Document Type : Original Article
Center of Excellence on Soft Computing and Intelligent Information Processing, Department of Electrical Engineering, Ferdowsi University of Mashhad, Mashhad, Iran
Design and control of surgical robots for minimally invasive surgery have considerable challenges in handling unknown robot dynamics, environmental uncertainties, desirable workspaces, and fast motion reactions.
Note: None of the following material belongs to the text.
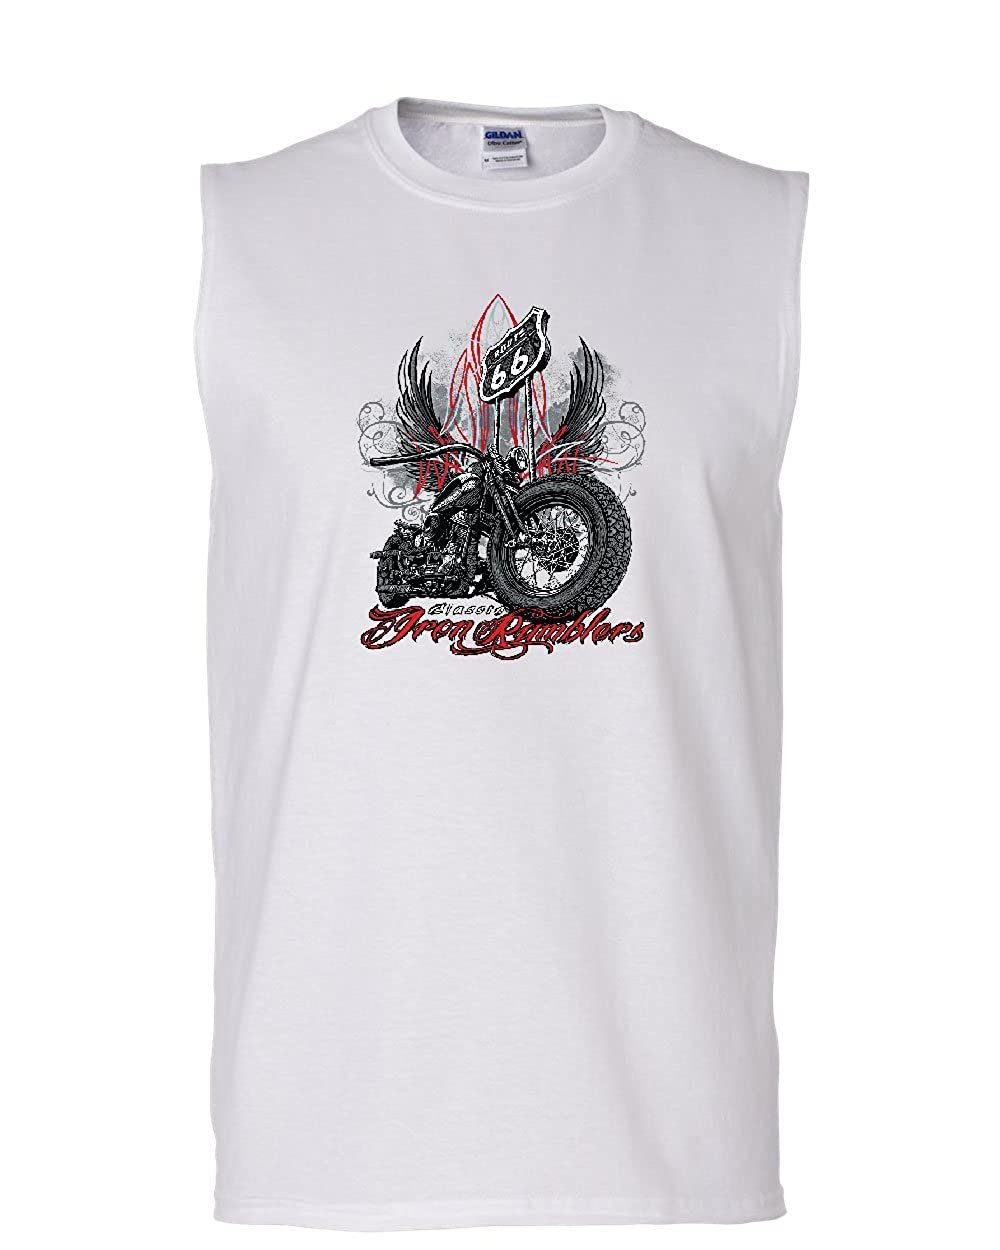 Route 66 Classic Iron Rumblers Muscle Shirt Chopper Bobber Biker MC Sleeveless

Realistic operational requirements regarding kinematics and dynamics of the robot and its actuators also lead to joint elasticity; therefore, further concerns regarding sustained chattering, vibration, and instability are raised. Accordingly, the robot proposed here is designed based on a hybrid structure, consisting of two parallel and serial manipulators, aiming for the desired rigidity and acceptable manipulability requirements of robotic surgeries. Furthermore, a decentralized sliding mode controller with an indirect adaptive fuzzy estimator based on a voltage control strategy is employed to tackle the challenges of controlling such as chattering phenomenon, control loop's speed, and stability against uncertainties. In contrast to the traditional sliding mode controllers, the control law is free from robot dynamics, the control signals' chattering is reduced, and bounded input-bounded output stability is shown without knowing the uncertainty bounds on robot dynamics. Simulation and experimental studies indicate that this approach is realistic.